We have a concept on the fleet called Qsine and it features three-dimensional projection mapping technology. Guests enter the venue and each table has a 4K projector built into the ceiling above and you sit down and see an animated version of a miniature chef as it prepares your dish in front of you, and you're then served that dish. It's a four-course experience and it goes to show that people want quality but they don't want to take themselves too seriously, and we don't want to take ourselves too seriously either. I really think that’s where food's going.
People expect to be entertained onboard. How do you you approach that?
At their core, restaurants are about entertainment – the word comes from the French restaurer – to restore. Yes, people have to eat, but thanks to the internet and social media they're becoming more educated about food, and the expectation is for amazing but simplified food – not over garnished – and being entertained at the same time. How do we do that? Through being smart with our use of colour palettes, with lighting, and the way servers greet people.
In the last 10-15 years, think hospitality has moved away from being a very formal experience that a lot of people found intimidating. What we're instilling at Celebrity is that it's all about the guest. Amazing service and hospitality should truly be invisible – it should be about them, not the server.
What are you doing at Celebrity Cruises to reach a younger audience?

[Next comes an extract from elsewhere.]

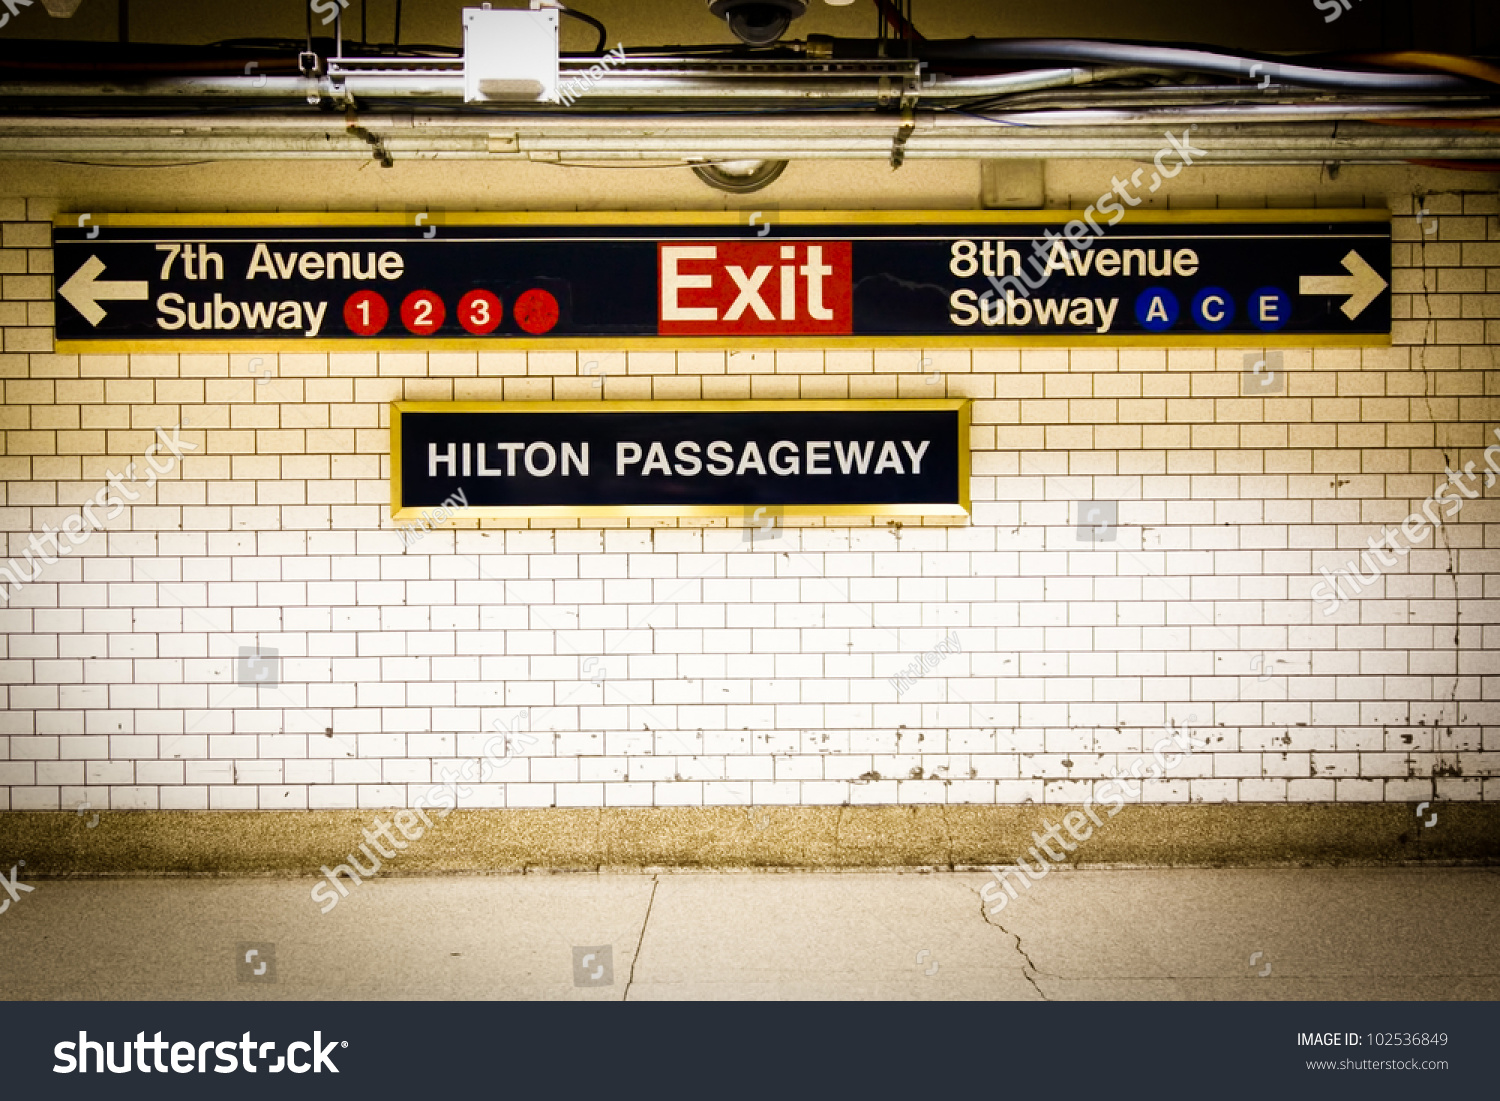 NYC Penn Station subway directional sign on tile wall #102536849

I think some companies chase their tails – they're worrying about trying to appeal to every different demographic. Food and beverage trends come and go, but what never goes out of style is application of solid fundamentals: hot food hot, cold food cold, proper seasoning. If that's at the core of what you do, and you worry about everything else afterwards, that appeals to someone who's very young or very old. That's our starting point. We keep our eye on what's going on no land but we're not really driven by it – we don't want to be chasing the next big thing all the time. We look inward for inspiration rather than looking at what other brands or restaurants or doing – we keep an eye on what's going on but we're very introspective in that regard.
What's are you particularly proud of with the launch of Edge?

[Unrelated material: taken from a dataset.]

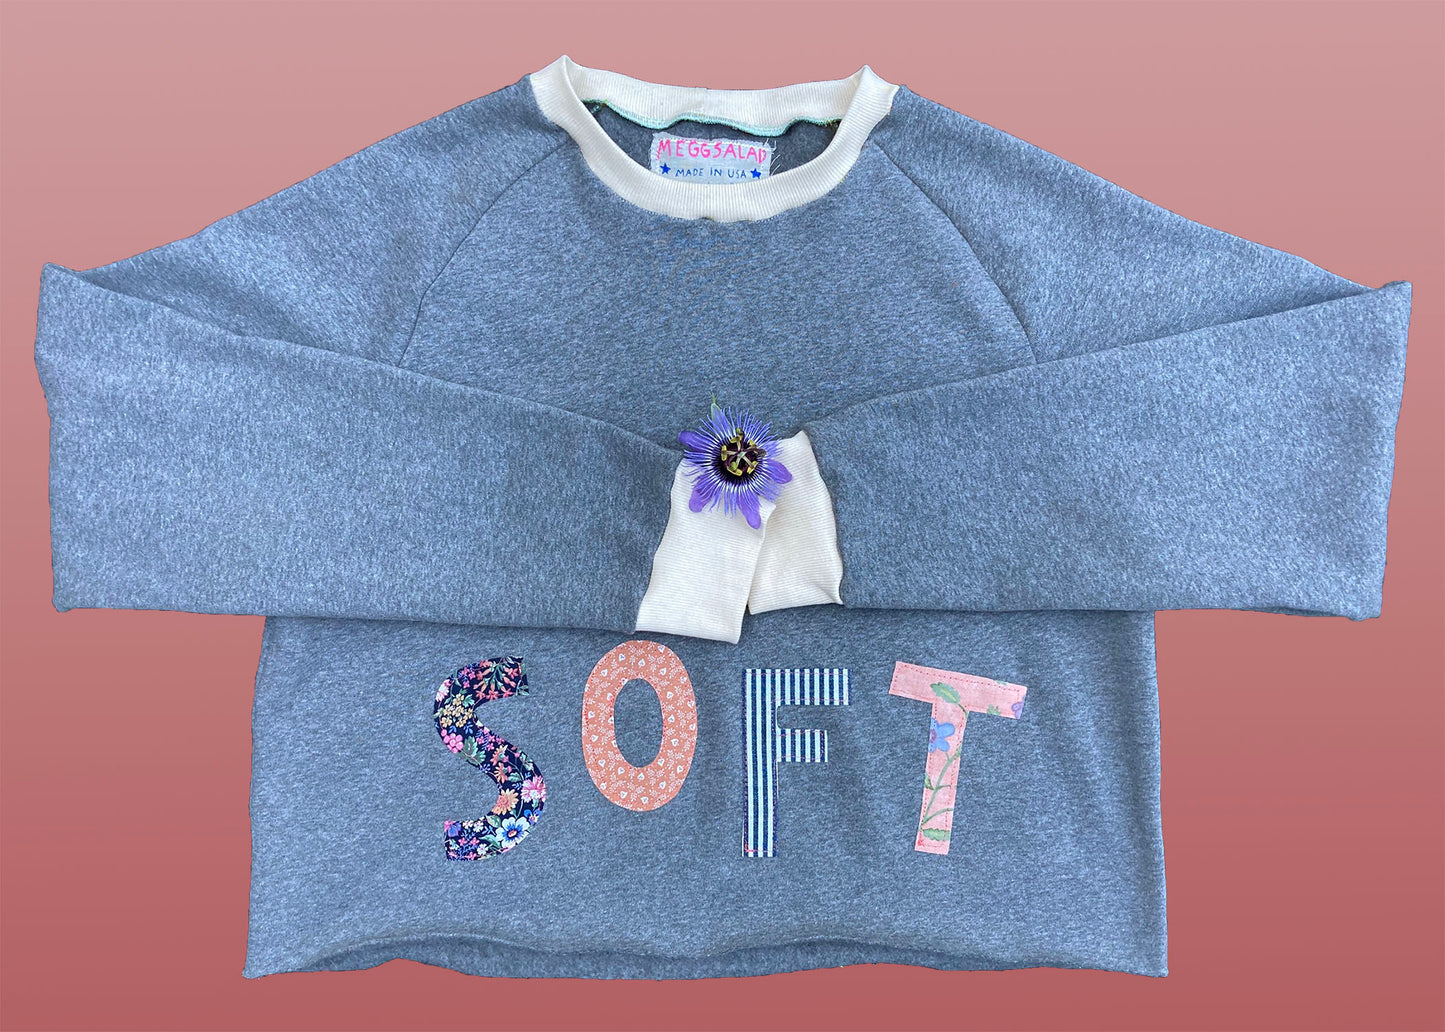 Soft Sweater

I think when people board and cruise on Celebrity Edge they're going to experience something truly groundbreaking, but if I had to name one venue I'd say Eden. It's the one that, as a chef, I'm most excited about; it's a true integration and melding of entertainment, performance art and culinary art all at the same time. It's going to be something truly unique – guests will never have experienced anything like it before.
You're a New Yorker. Does any New York find its way onto the menus onboard?
I am. I've lived there almost all of my life, though I moved down to Miami five and a half years ago. If anything has made its way onto the menus it's the multi-ethnicity of New York – I'm from the Bronx and I worked for 20 years in Manhattan. I love the fact that everything is really powerful and flavour-first in New York – it's like food on steroids. I want to bring a bit of that way thinking to the chefs and front of house onboard.